11/10/97

KUFM / KGPR

T. M. Power

Hiding from Economic Reality

I recently spent a good part of a week in the Vermillion River Basin in eastern South Dakota. Besides the college town of Vermillion, the river basin is farm country, mostly corn and some dairy operations. The area has experienced increased flooding because of the ongoing conversion of wetlands to farm fields. Every farm seeks to drain the water off of its land which just passes it on down stream to cascading consequences. No land is allow to hold, store, and diffuse the water.

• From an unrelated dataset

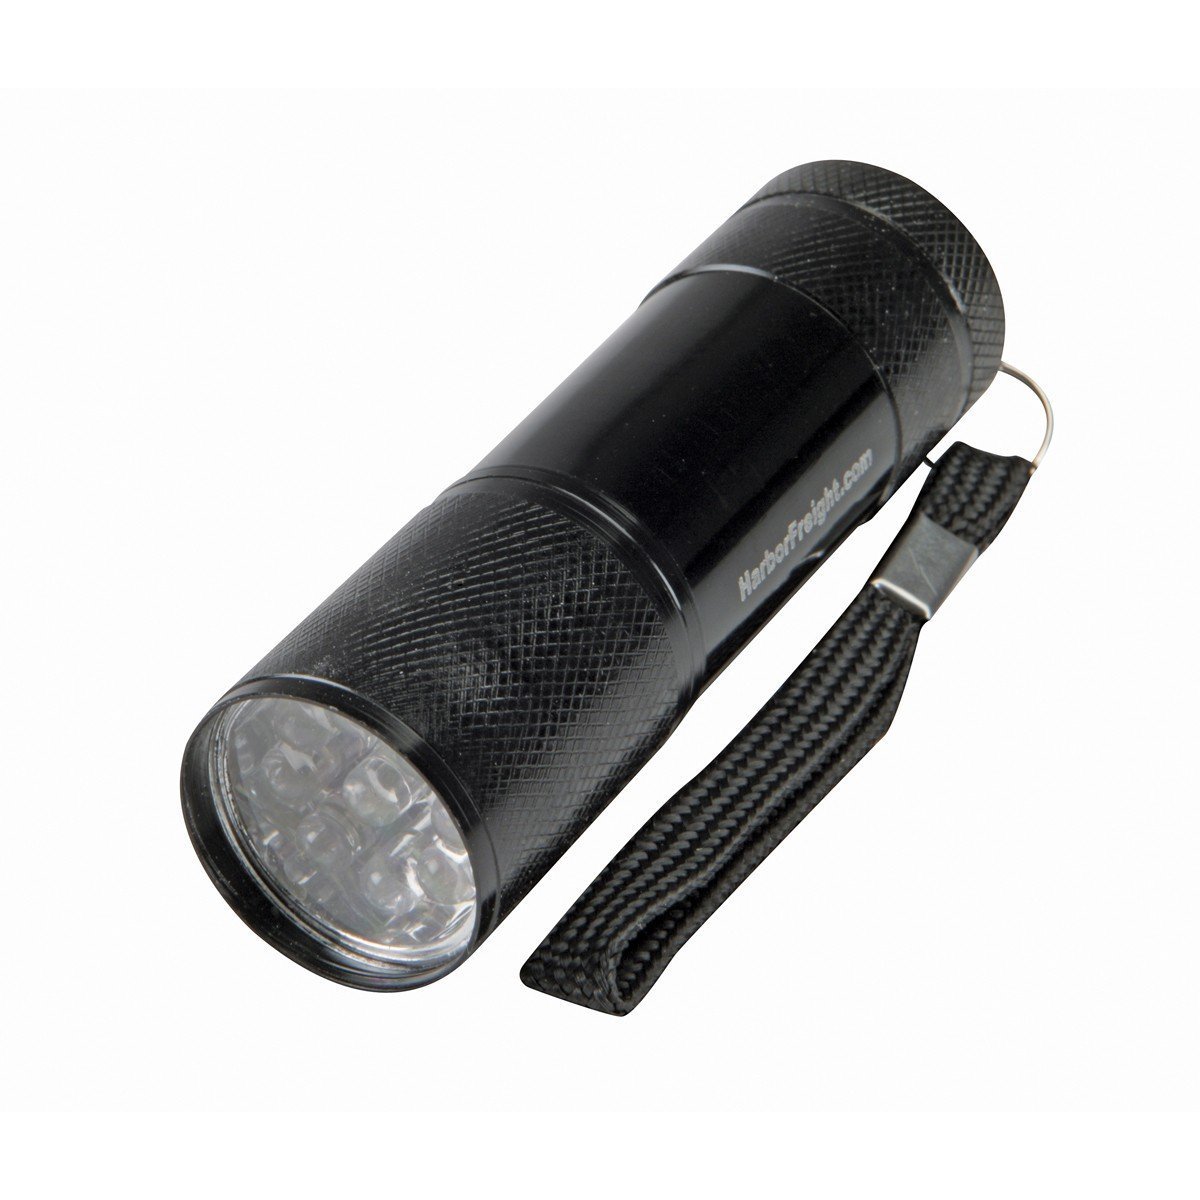 -3mf 3-in-1 Flashlight With 4aa Batteries
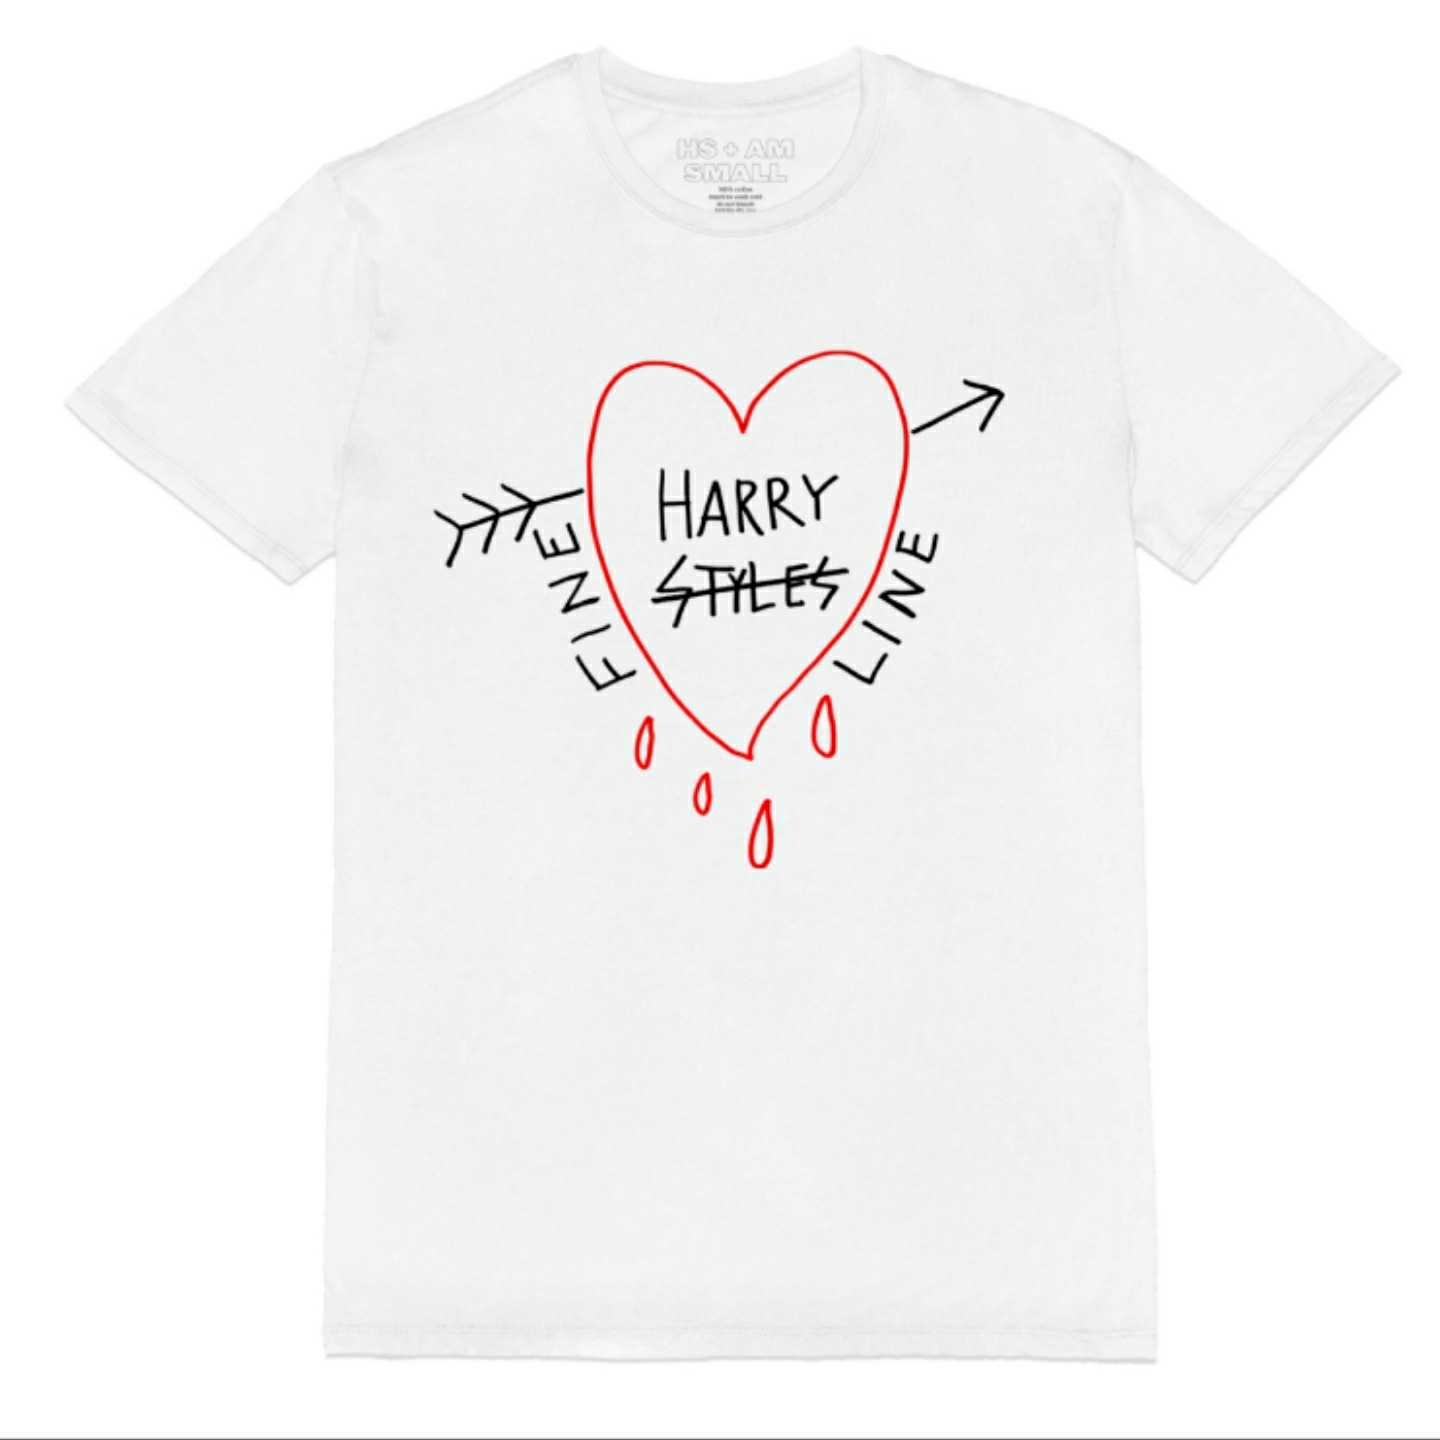 T-SHIRT, LIMITED EDITION, GUCCI, ALESSANDRO MICHELE , Harry Styles, 360 MAGAZINE

The increasing flooding simply makes a bad situation worse. The farms and the small farming communities are poor and the constant flooding of infrastructure, businesses, and farms and the regular interruption of personal, business and social life does nothing but drain additional resources from the farms and communities. The area has been losing population, some counties as much as a third of their population, over the last twenty-five years. That is not the sort of population loss that can be sustained without the area losing most of the infrastructure that makes a community possible.

When I tried to talk to residents and local government officials about these negative trends and what the public policy response had been, I was astounded to be told that "we just don’t talk about that." Puzzled that a fundamental and obvious fact of economic life was being ignored, I expressed disbelief that citizens and their elected leaders could actually avoid discussing such important economic trends. The response was an even more emphatic statement that pursuing the issue of negative economic trends amounted to a gratuitous attack on these communities, their people, and their way of life by an outsider. "Shut up!" was the message. Don’t ask uncomfortable questions.

Although initially shocked by this "head in the sand" approach to troubling economic trends, I began to realize that this was not the first place that I had run into this approach to economic reality. In fact, across much of the West, including Montana, factual discussions of economic trends are almost impossible. If one points out, for instance, that wood products’ contribution to employment and income in the Pacific Northwest has been declining while the role of high tech manufacturing has been expanding, one is likely to be greeted by emotional outbursts condemning this statement as a scurilous attack on a crucial element of the region’s economic base and a vicious assult on displaced workers and their impoverished families.

Try pointing out the relatively small role played by metal mining in the western states or the modest and declining role of desert ranching and one faces the same vitriolic response. One faces this response at the highest levels of government. A spokesperson for the governor’s office was recently quoted as emphatically denying that Montana was going through any economic transition from being solely a natural resource economy to being a more diversified and less specialized economy. Natural resource industry is all we got and all we will ever have! That’s it! Any suggestion to the contrary is stupid, unpatriotic, and subversive, and needs, as a matter of public policy, to be squelched.

One does not need a social psychologist or an anthropologist to explain this emotional response to statements of fact and this strong social and political commitment to not facing economic reality. People who see their livelihoods and ways of life in decline can be expected to respond with anxiety and distress. It is as if the larger economy is saying that "we do not need you any more; what you have spent you life doing isn’t important any more." Such implied negative judgments are enough to drive anyone to anger.

In addition, there are political implications to any hint of absolute or, even, relative decline in economic importance. To the extent that the political clout of industries is tied to their perceived economic importance, it is important for industries to continue to insist that they are as important as they always have been. As a result, industry organizations are certain to jump into the fray, emotionally beating their chests, and asserting that no one could get along without them.

So the head-in-the-sand and emotional denial approach to economic reality is understandable. That, however, does not make it safe. If we want to be something other than victims of circumstances, constantly taken by surprise, we have to have the nerve to look the present and future squarely in the eye and adopt public policies that minimize the pain and maximize the benefits of the economic transitions we are going to be dragged through whether we want to go that direction or not. Individuals may choose to remain ignorant and live in a fantasy world, but that is an extremely dangerous and dysfunctional path for government and public policy.